Using samples from the iPrEx trial, the research team compared immune responses mounted against an array of HIV-1 antigens by peripheral blood mononuclear cell samples: 84 samples were collected prior to infection from men who became HIV-positive and 480 samples from men who remained HIV-negative throughout the trial, including those who received the drug or placebo. T-cell responses against certain HIV-1 antigens were significantly higher and more frequent among those who remained uninfected compared with those who became HIV-positive, and these responses were associated with reduced risk of infection.
"The iPrEX trial showed that pre-exposure prophylaxis (or PrEP) with emtricitabine and tenofovir disoproxil fumarate (brand name Truvada in the United States) was highly effective for HIV prevention when used," said Dr. Robert Grant, of the Gladstone Institutes, the protocol chair of iPrEx which was sponsored by the National Institutes of Health. "Whether taking drug or placebo, the observed immune responses were still present, so the protective benefit we saw with PrEP was not due to these immune responses. The discovery that cellular immunity correlates with HIV infection risk is a distinct and very exciting one. I hope it will provide clues leading to an HIV vaccine."
"Demonstrating HIV protection associated with vaccine or, as in this case, exposure-induced immunity is a very high bar to achieve, and appropriately so. Our findings indicate that the host immune system interfaces with the virus or its proteins more commonly than previously thought, generating naturally induced immunity in the form of T-cell responses that contribute to a persistent HIV negative status in some exposed people.

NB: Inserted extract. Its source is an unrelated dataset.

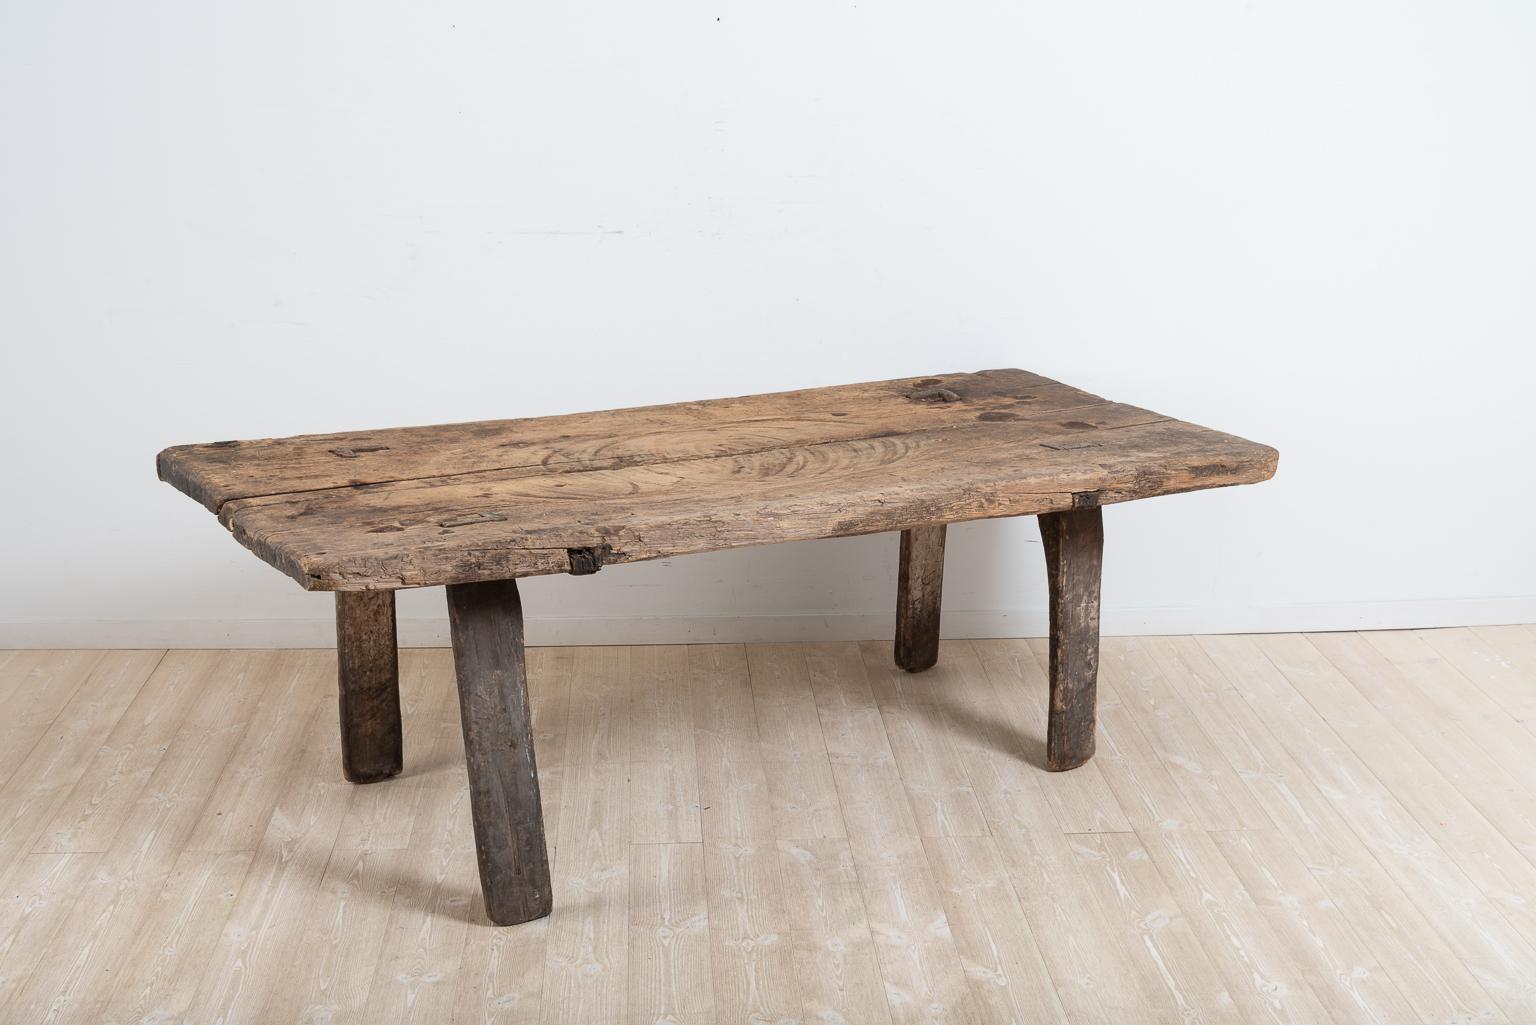 Primitive and rustic Folk Art table, a so called ‘Hednabord’. Unique and untouched. The model is the first type of freestanding tables ever made and is therefore very old. The table was manufactured before they knew how to saw timber. The tabletop’s

Only with additional research can we truly know if these immune responses can be induced by a vaccine candidate, and whether vaccine-induced responses provide protection," according to Dr. Esper Kallas, of USP, co-senior author of the manuscript.
"A safe, effective, and easily administered preventative HIV vaccine is still needed and remains an important public health goal. HIV's interaction with the human immune system is complex, therefore success with a vaccine is hard to predict. Nevertheless, the possibility that T-cell immunity, in addition to antibody-derived immunity, may contribute to protection is quite promising. The more 'shots on goal' we can take in a given vaccine, the more likely we are to succeed at preventing infection, and perhaps most importantly eventual eradication of HIV," said lead author Dr. Peter Kuebler.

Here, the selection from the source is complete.